Penjelasan Mendalam
1. Tujuan & Nilai Utama
Misi utama Keeta adalah memperbaiki apa yang disebutnya sebagai "infrastruktur yang rusak" dalam pembayaran global. Berbeda dengan aplikasi yang dibangun di atas sistem lama, Keeta memposisikan dirinya sebagai lapisan jaringan dasar. Keeta berupaya menghubungkan keuangan tradisional (TradFi) dan jaringan blockchain modern secara mulus, memungkinkan transfer nilai yang instan, tanpa batas negara, dan dapat diprogram. Tujuannya adalah menjadi jaringan koresponden dan kliring global untuk institusi, fintech, bahkan agen AI otonom.
2. Teknologi & Arsitektur
Jaringan ini dibangun untuk performa tinggi dan kepatuhan regulasi. Keeta menggunakan mekanisme konsensus delegated proof-of-stake (DPoS) dan inti yang sangat dioptimalkan. Uji tekanan publik pada tahun 2025 menunjukkan kapasitas lebih dari 11 juta TPS. Inovasi utama adalah sistem identitas digital native yang memungkinkan kepatuhan Know Your Customer (KYC) dan Anti-Money Laundering (AML) secara terintegrasi. Hal ini memungkinkan tokenisasi aset dunia nyata (RWAs) dan mata uang fiat dengan aturan regulasi yang ditegakkan di tingkat protokol.

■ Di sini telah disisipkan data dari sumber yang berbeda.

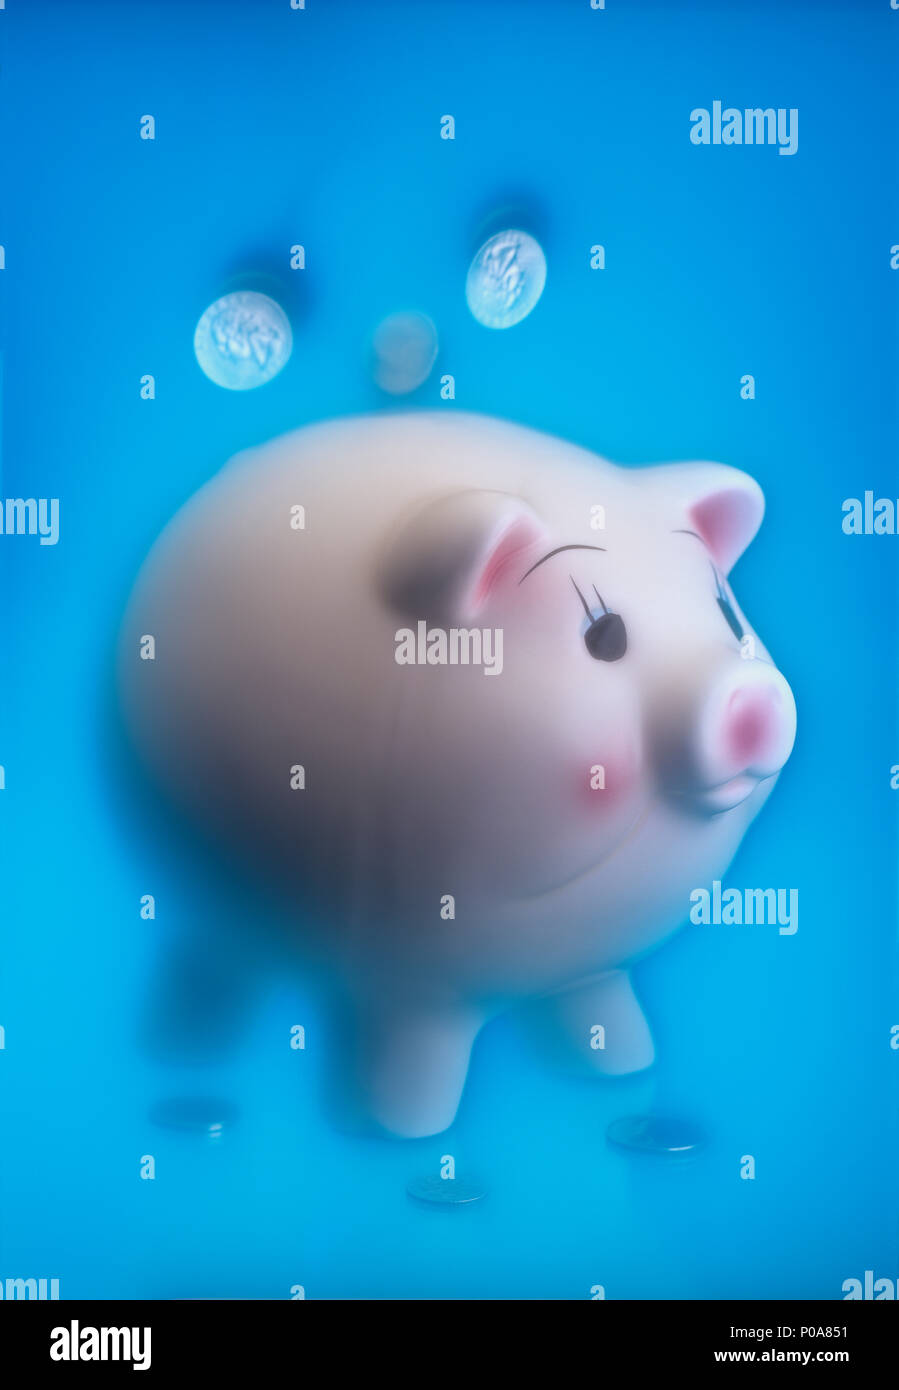 Conceptual image of coins falling from the sky into a piggy bank with a soft ethereal background Stock Photo

3. Ekosistem & Pembeda Utama
Keeta bukan sekadar blockchain; ini adalah platform keuangan terintegrasi. Produk-produknya meliputi Keeta Personal (akun multi-mata uang untuk pembayaran dan investasi), Keeta Business (perbankan global on-chain), dan Keeta Checkout untuk pedagang. Keeta membedakan diri dengan mendukung sembilan mata uang fiat saat peluncuran, pembayaran Visa Direct ke lebih dari 190 negara, dan pendanaan instan melalui kartu debit yang terhubung. Kombinasi kecepatan tinggi, kepatuhan native, dan konektivitas fiat langsung ini bertujuan menjadikan Keeta jembatan praktis antara dunia kripto dan keuangan tradisional.
Kesimpulan
Keeta adalah upaya ambisius untuk membangun ulang infrastruktur internet keuangan, dengan prioritas pada kepatuhan tingkat institusi, kecepatan transaksi yang belum pernah ada sebelumnya, dan kegunaan nyata di dunia nyata. Apakah pendekatan terintegrasi dalam identitas, dukungan mata uang, dan skalabilitas ini akan menjadi kunci untuk membuka adopsi massal blockchain dalam perdagangan global?